19.2.03

A literatura das "boas maneiras" através dos tempos


séc. 13:

- Quando assoar o nariz ou tossir, vire-se de modo que nada caia em cima da mesa. (De la zinquanta cortesie da tavola, Bonvicino da Riva)

séc. 15:

- É indelicado assoar o nariz na toalha da mesa. (Ein spruch der ze tische kêrt)

- Não assoe o nariz com a mesma mão que usa para segurar a carne. (S'ensuivent les contenances de la table)

séc. 16:

- Assoar o nariz no chapéu ou na roupa é grosseiro, e fazê-lo com o braço ou o cotovelo é coisa de mercador. Tampouco é muito mais educado usar a mão, se imediatamente limpa a meleca na roupa. O correto é limpar as narinas com um lenço e fazer isto enquanto se vira, se pessoas mais respeitáveis estiverem presentes. Entre a meleca e o escarro há pouca diferença, exceto que o primeiro fluido deve ser interpretado como mais grosso e o segundo como mais sujo. Os autores latinos confundem constantemente o babador, o guardanapo, ou qualquer pedaço de linho, com o lenço. (...) É indelicado engolir a saliva, como também aqueles que vemos escarrando a cada 3 palavras, não por necessidade, mas por hábito.(...) O som do peido, especialmente das pessoas que se encontram em lugar elevado, é horrível. Sacrifícios devem ser feitos, com as nádegas fortemente comprimidas. Tossir para ocultar o som explosivo: aqueles que, porque estão embaraçados, não querem que o vento explosivo seja escutado, simulam um acesso de tosse. (...) Considerando a insalubridade de reter o peido: há uns dois versos no volume II dos epigramas de Nicharchos em que ele descreve a capacidade do peido retido de provocar doenças, mas uma vez que esses versos são citados por todo mundo, não vou comentá-los aqui. (De civilitate morum puerilium, Erasmo)
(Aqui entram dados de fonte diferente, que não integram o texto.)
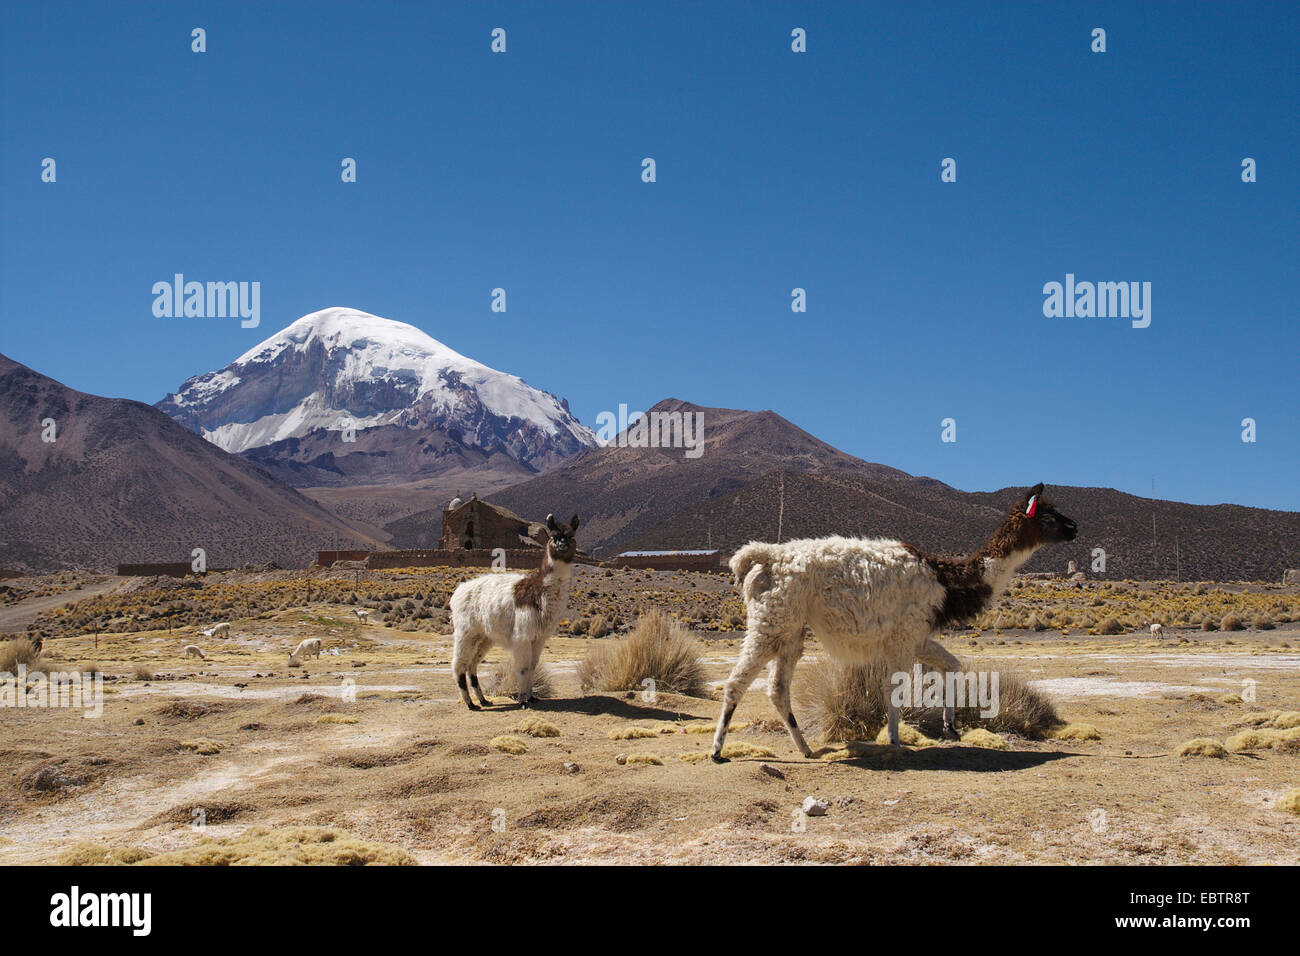 alpaca (Lama pacos), alpacas in front of the village and mountain Sajama, Bolivia, Andes Stock Photo

- Não ofereça o lenço a ninguém, a menos que ele esteja recém-lavado... Tampouco é correto, após assoar o nariz, abrir o lenço e olhar dentro dele como se pérolas e rubis pudessem ter caído de sua cabeça.(...) O que direi então... daqueles que enfiam o lenço na boca? ( Galateo, Della Casa)

séc. 17:

- À mesa assoar abertamente o nariz no lenço, sem se ocultar atrás do guardanapo, e enxugar o suor com ele...são hábitos sujos que dão a todos desejo de vomitar...Evite bocejar, assoar o nariz e escarrar. Se for obrigado a proceder assim em lugares mantidos limpos, use o lenço, ao mesmo tempo virando o rosto e ocultando-se com a mão esquerda, e não olhe para o lenço depois. (Nouveau traité de civilité, Courtain)

séc. 18:

- Há alguns anos as pessoas faziam uma arte do ato de assoar o nariz. Um imitava o som do trompete, outro o miado do gato. A perfeição residia em não fazer nem muito nem pouco ruído. (Le voyageur de Paris, La Mésangère)

- Na igreja, nas casas dos grandes, em todos os lugares onde reina a limpeza, você deve escarrar no lenço. Constitui um hábito imperdoavelmente grosseiro de crianças cuspir no rosto de seus companheiros de folguedos. Não há castigo que seja suficiente para essas maneiras deploráveis, como também para quem cospe pelas janelas, nas paredes e nos móveis...("Les Règles de la bienséance et de la civilité chrêtienne", La Salle)

séc. 19:

- Escarrar a todo momento é um hábito repugnante. Além de grosseiro e atroz, é muito ruim para a saúde. ("The habits of good society")

séc. 20:

- Você já notou que hoje relegamos para algum canto discreto o que nossos pais não hesitavam em exibir abertamente? Por isso mesmo, certa peça íntima tinha um lugar de honra... ninguém pensava em ocultá-la da vista. O mesmo se aplica a outra peça de mobília não mais encontrada em residências modernas, cujo desaparecimento alguém lamentará talvez nesta era de "bacilofobia": estou me referindo à escarradeira. (Moeurs intimes du temps passé, Cabanès)

-- Em "O Processo Civilizador", de Norbert Elias, 1939.